Nuestras imágenes son tal vez nuestro destino; lo que vemos venir. Muchas de las escenas reunidas en la exposición que ahora se encuentran en este libro, adelantarán un paisaje aún secreto, una cita abierta con el entorno natural. Por todo el control que impone la imagen recortada por el fotoperiodismo, aquí solo cabe apreciar el planteamiento de una visión temblorosa, el destello del paisaje robado, restos de evidencia no concluyente. Este caso que no conseguimos cerrar, ofrece un testimonio accidental, una escapada a un paisaje que nos obliga a levantar la cabeza y volver a imaginar. De algún modo, toda imagen espera ser encontrada otra vez para renovar su proposición. Saber mirar es saber renovar la mirada observadora, ver otra cosa delante. “Saber mirar una imagen”, nos dice Georges Didi-Hubermann, “sería, en cierto modo, volverse capaz de discernir el lugar donde arde, el lugar donde su eventual belleza reserva un sitio a una “señal secreta”, una crisis no apaciguada, un síntoma.”

 

Anular la idea de una imagen fotográfica como elemento de comprobación de los hechos, propone la pintura como una forma prospectiva, una relación con un tiempo por venir. Todo lo que hasta aquí consideramos como elementos testimoniales de un desenlace inminente en la pintura de Alejandro Quiroga hablan justamente de lo que todavía no ha sucedido. Not yet. Ofrezcamos entonces la mirada de estas pinturas como una proyección desde su silencio hacia un lugar al que habremos de llegar, un paisaje que algún día será nuestro destino. Alcancemos a viajar al ras para ver las plantas que empiezan a brotar junto al camino. Empecemos a recordar el futuro.

 

 

 

 

“Hay pensamientos que podemos divisar a lo lejos, en las vías de pensamiento existentes.

Hay un futuro que no es más que la prolongación del presente.

Hay un “aún no presente” que nunca llega; y sin embargo aquí estamos pensándolo en el paradójico destello de esta misma oración.

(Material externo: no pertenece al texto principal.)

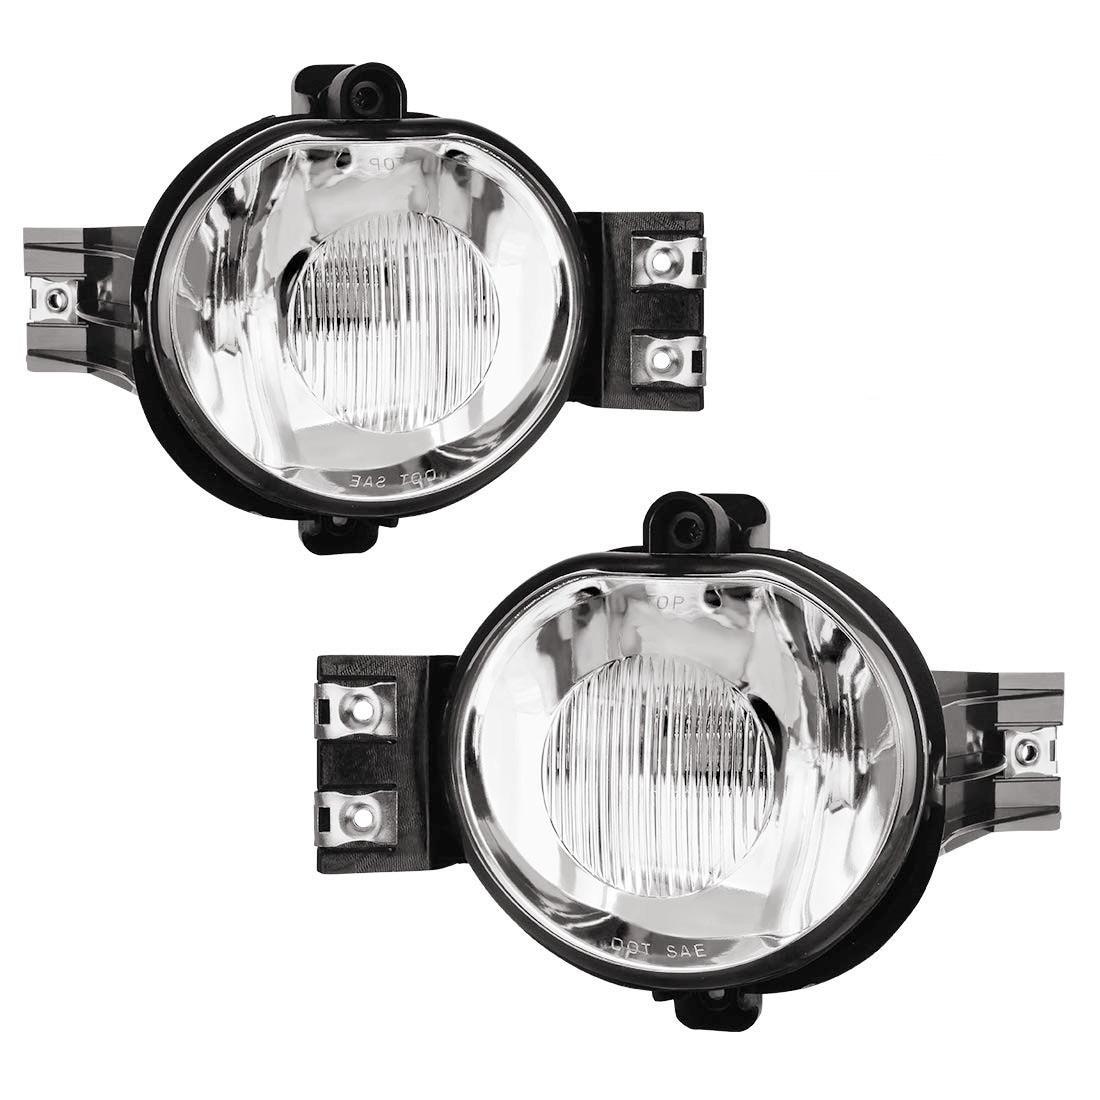 2pcs Chrome Clear Lens Bumper Driving Fog Light  For Dodge Ram Durango 2002 2003 2004 2005 2006 2007 2008 2009

Si queremos un pensamiento distinto del presente –si queremos cambiar el presente–, entonces el pensamiento deber ser consciente de esa clase de futuro.

No es un futuro que nos permita progresar.

Este futuro es impensable. Y, sin embargo, aquí estamos, pensándolo.”

 

- Timothy Morton: Ecología oscura

 

 

 

[1]   Ominoso, posible traducción al castellano del término alemán “unheimliche” que Freud emplea para analizar las  incidentes incubados en situaciones asumidas como habituales. También ha sido traducido como “siniestro”.

[2]          Término genérico utilizado para referirse a plantas, generalmente de pequeño tamaño, que suelen aparecer en hábitats alterados por la acción antrópica, como bordes de caminos, campos de cultivo abandonados o zonas urbanas.